Molecular Weight (Mass Spectrometer) 395.

β-lactamase inhibition I ₅₀ (μg / ml)

Escherichia coli 0.3

Klebsiella aerogenes E70 0.2

Staphylococus aureus, Russell <0.07

Psudomonas aeruginosa A 1.8

Pseudomonas dalgleish 0.76

Citrobacter mantio 24

Example 2

3- (2-benzylsulfinylethylidene) -7-oxo-4-oxa-1-azabicyclo [3,2,0] heptane-2-carboxylic acid benzyl

3- (2-benzylthioethylidene) -7-oxo-4-oxa-1-azabicyclo [3,2,0] heptane-2-carboxylic acid benzyl (39.5 mg) in methylene chloride (5 ml) It was dissolved in and treated with m-chloroperbenzoic acid (19 mg) at 0 ° C. The solution was stirred at 0 ° C. for 1/2 hour and washed with 3% bicarbonate solution (3 × 5 ml). The solvent was evaporated and the gums were chromatographed to give the title compound (30 mg; 73%) as a mixture of P and S sulfoxide.

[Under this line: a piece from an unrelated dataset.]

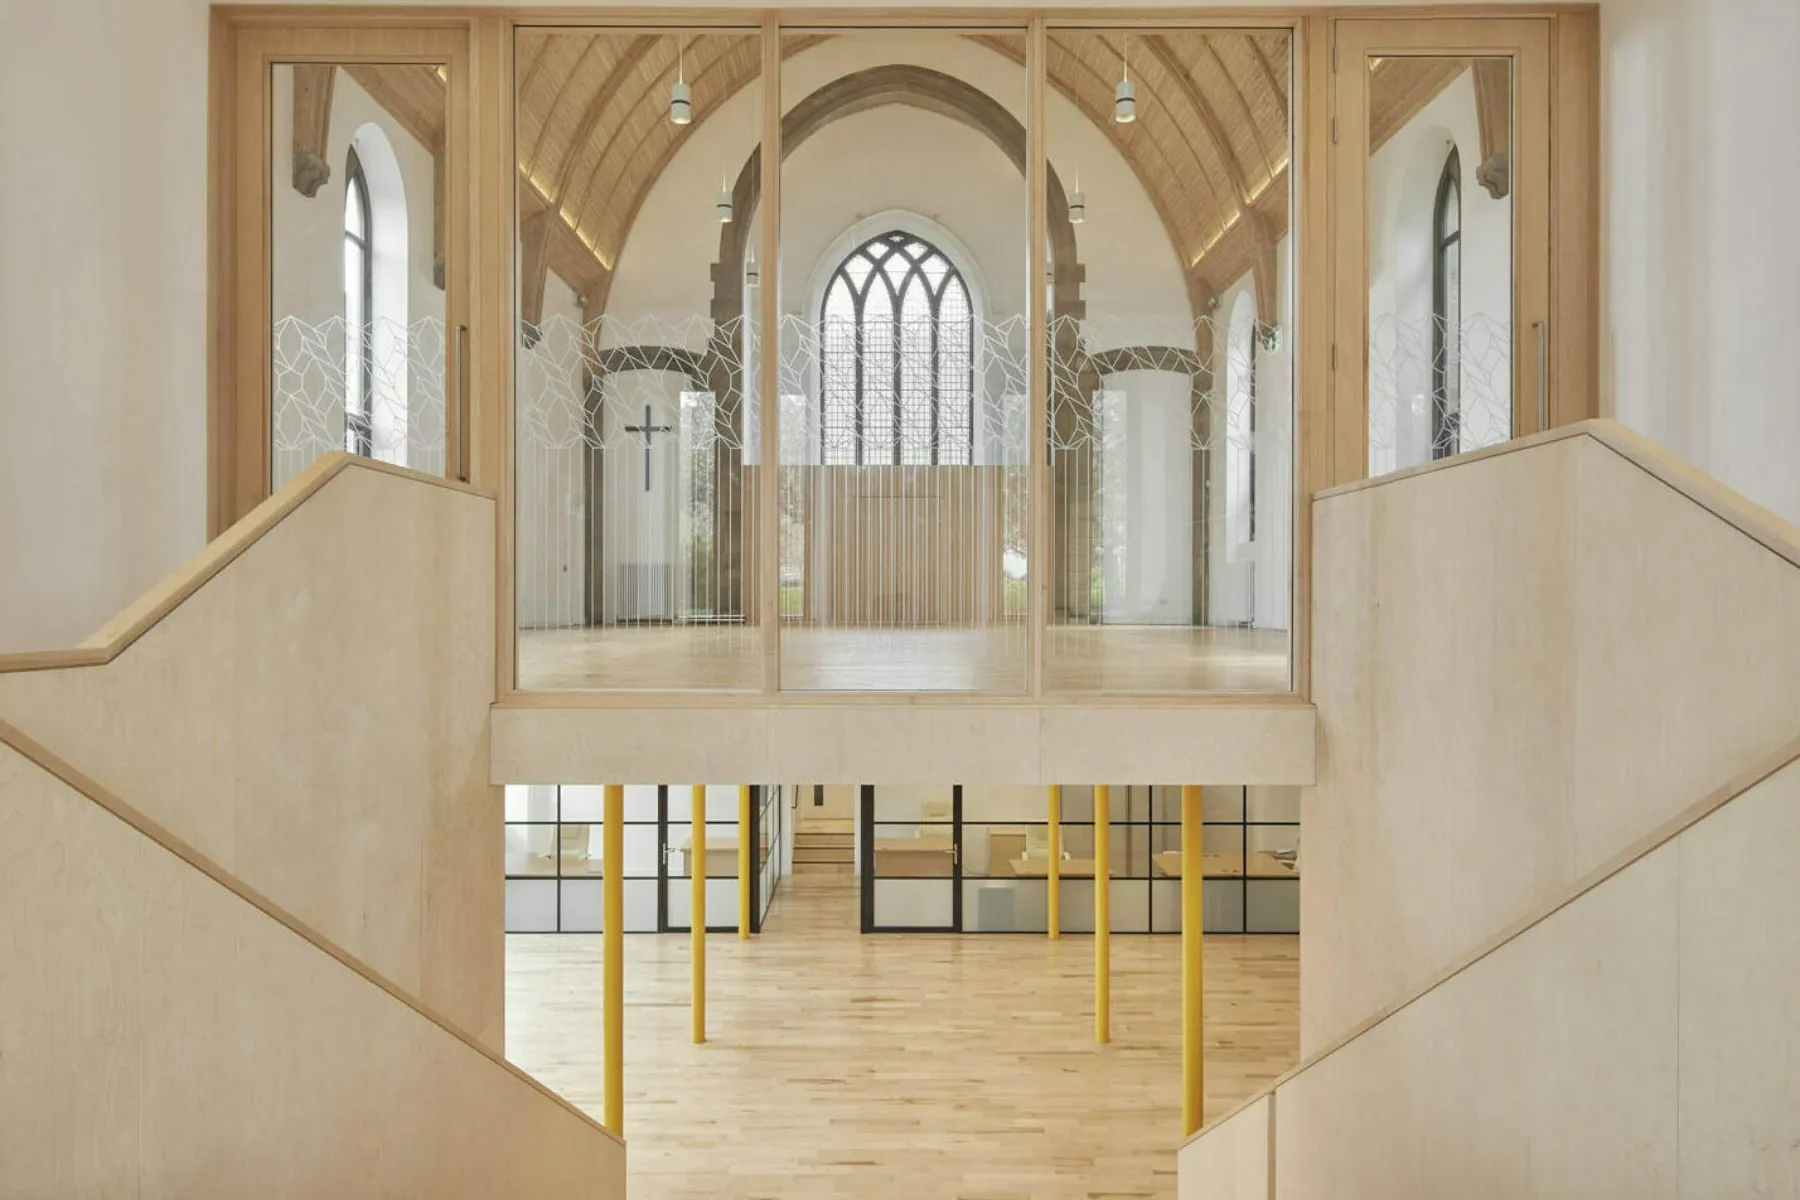 Inside the newly refurbished Greyfriars Charteris Centre in Edinburgh. Original features and details have been conserved and repaired an new, contemporary additions have been made - shown is a new timber staircase connecting the upper space in the old church with a lower, flexible and modernised space. Timber is extensively used throughout and the photograph shows both levels of the building.

Ir (CHCI ₃ ): 1800,1750,1700 cm ⁻¹ .

R 및 S설폭사이드); 4.86(1H,br.t,J=8Hz,=CH-CH₂-);5.26(1H,br.S,3-OH); 5.33(2H,S,CO₂CH₂Ph); 5.83(1H,d,J=2.5Hz,5-CH); 7.48δ(10H,S,CO₂CH₂Ph 및

)Nmr (CDCI ₃ ): 3.10 (1H, doublet, J = 17 Hz, 6β-CH); 3.50 (2H, broad doublet, J = 8 Hz, = CH-CH _2- ); 3.62 (1H, doublet of doublets, J = 17 Hz, J ¹ = 2.5 Hz, 6a-CH); 3.87 and 3.97 (2H, two singlet,

R and S sulfoxide); 4.86 (1H, br.t, J = 8 Hz, = CH-CH _2- ); 5.26 (1H, br.S, 3-OH); 5.33 (2H, S, CO ₂ CH ₂ Ph); 5.83 (1H, doublet, J = 2.5 Hz, 5-CH); 7.48δ (10H, S, CO ₂ CH ₂ Ph and

)

= +7.2°(C=0.94; MeOH).

= + 7.2 ° (C = 0.94; MeOH).

In vitro antibacterial activity (㎍ / MI)

Staphylococcus aureus Oxford 62

Staphylococcus aureus Russell 62

β-lactamase inhibition I ₅₀ (μg / ml)

Example 3

3- [2- (1-methyl-1,2,3,4-tetrazol-5-yl) thioethylidene] -7-oxo-4-oxa-1-azabicyclo [3,2,0 ] Heptane-2-carboxylic acid methyl

(5 drops) of acid fluoride etherate at -20 ° C is added to methyl clavulanate (213 mg) in dichloromethane (10 ml), followed by 1-methyl-1,2,3,4-tetrazol-5-thiol ( 120 mg) was added. The reaction mixture was stirred for 2 hours, at which time the temperature was slowly brought to -10 ° C. The solution was washed with aqueous sodium bicarbonate solution (3%, 3 x 10 ml). The organic phase is dried and the solvent is evaporated off. Crude material was chromatographed to give the title compound (about 40% yield).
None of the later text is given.